His performance review comes in:
Days worked: 3,650
Correct predictions: 3,647 (normal visitors correctly ignored)
Wrong predictions: 3 (thieves walked right past)
ACCURACY: 99.92%!
Gary gets Employee of the Month. He's almost never wrong!
But Gary is completely useless. He caught exactly ZERO thieves. His entire job is catching thieves, and he's failed at 100% of the cases that mattered.
This is your machine learning model on imbalanced data.
When 99.9% of your data is one class, the model learns Gary's strategy:
"Just predict the majority class. You'll be right almost all the time!"
High accuracy. Zero usefulness.
What Is Class Imbalance?
Class imbalance occurs when one class vastly outnumbers another.
Balanced Dataset:
Class A: ████████████████████ 50%
Class B: ████████████████████ 50%
Imbalanced Dataset:
Class A: ████████████████████████████████████████ 99%
Class B: █ 1%
Severely Imbalanced:
Class A: ████████████████████████████████████████ 99.9%
Class B: . 0.1%
Real-world examples:
| Domain | Minority Class | Typical Ratio |
|---|---|---|
| Fraud Detection | Fraud | 1:1,000 |
| Medical Diagnosis | Disease | 1:100 to 1:10,000 |
| Spam Detection | Spam | 1:10 to 1:100 |
| Manufacturing Defects | Defective | 1:1,000 |
| Customer Churn | Churned | 1:5 to 1:20 |
| Click-Through Rate | Clicked | 1:100 to 1:1,000 |
In all these cases, the minority class is exactly what you care about. And it's exactly what your model ignores.
The Accuracy Trap
Let me prove how misleading accuracy becomes.
import numpy as np
from sklearn.metrics import accuracy_score, classification_report
# Imbalanced dataset: 1% fraud
np.random.seed(42)
n = 10000
y_true = np.array([0] * 9900 + [1] * 100) # 99% normal, 1% fraud
# The "Lazy Gary" model: Always predict 0 (not fraud)
y_pred_lazy = np.zeros(n)
# The accuracy looks amazing!
print(f"Accuracy: {accuracy_score(y_true, y_pred_lazy):.1%}")
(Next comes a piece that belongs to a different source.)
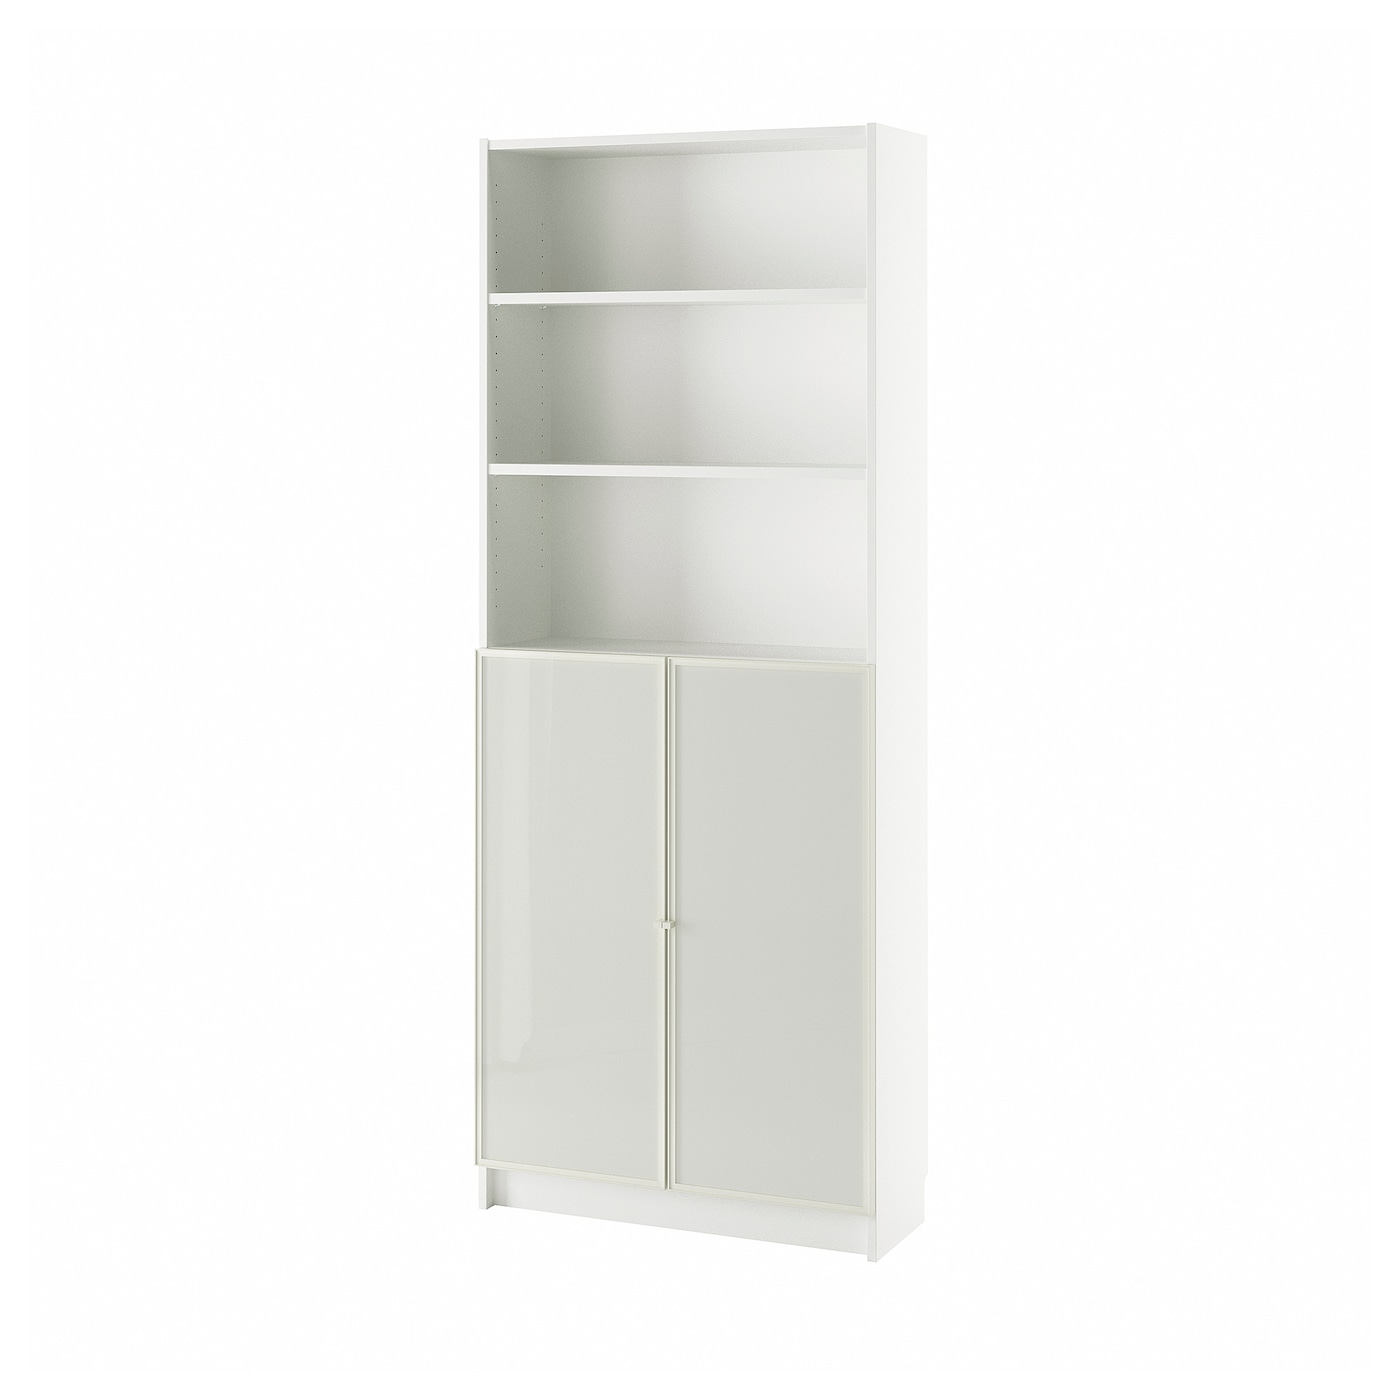 Книжный шкаф со стеклянной дверью - BILLY/HÖGBO IKEA/ БИЛЛИ/ХОГБО ИКЕА, 30х80х202 см, белый

print("\nBut look at the full picture:")
print(classification_report(y_true, y_pred_lazy, target_names=['Normal', 'Fraud']))
Output:
Accuracy: 99.0%
But look at the full picture:
precision recall f1-score support
Normal 0.99 1.00 0.99 9900
Fraud 0.00 0.00 0.00 100
accuracy 0.99 10000
macro avg 0.49 0.50 0.50 10000
weighted avg 0.98 0.99 0.98 10000
99% accuracy! But:
- Fraud Recall: 0% — Caught zero frauds
- Fraud Precision: 0% — Never even tried
- Fraud F1: 0% — Complete failure at the actual task
The model is useless. It just learned to say "not fraud" every time.
The Metrics That Matter
When classes are imbalanced, forget accuracy. Use these instead:
Precision
"Of all the things I flagged as fraud, how many actually were?"
Precision = True Positives / (True Positives + False Positives)
High precision = Few false alarms
Recall (Sensitivity)
"Of all the actual frauds, how many did I catch?"
Recall = True Positives / (True Positives + False Negatives)
High recall = Caught most frauds
F1 Score
"The balance between precision and recall"
F1 = 2 × (Precision × Recall) / (Precision + Recall)
F1 = 0 means complete failure on the minority class
Area Under ROC Curve (AUC-ROC)
"How well does the model separate the two classes across all thresholds?"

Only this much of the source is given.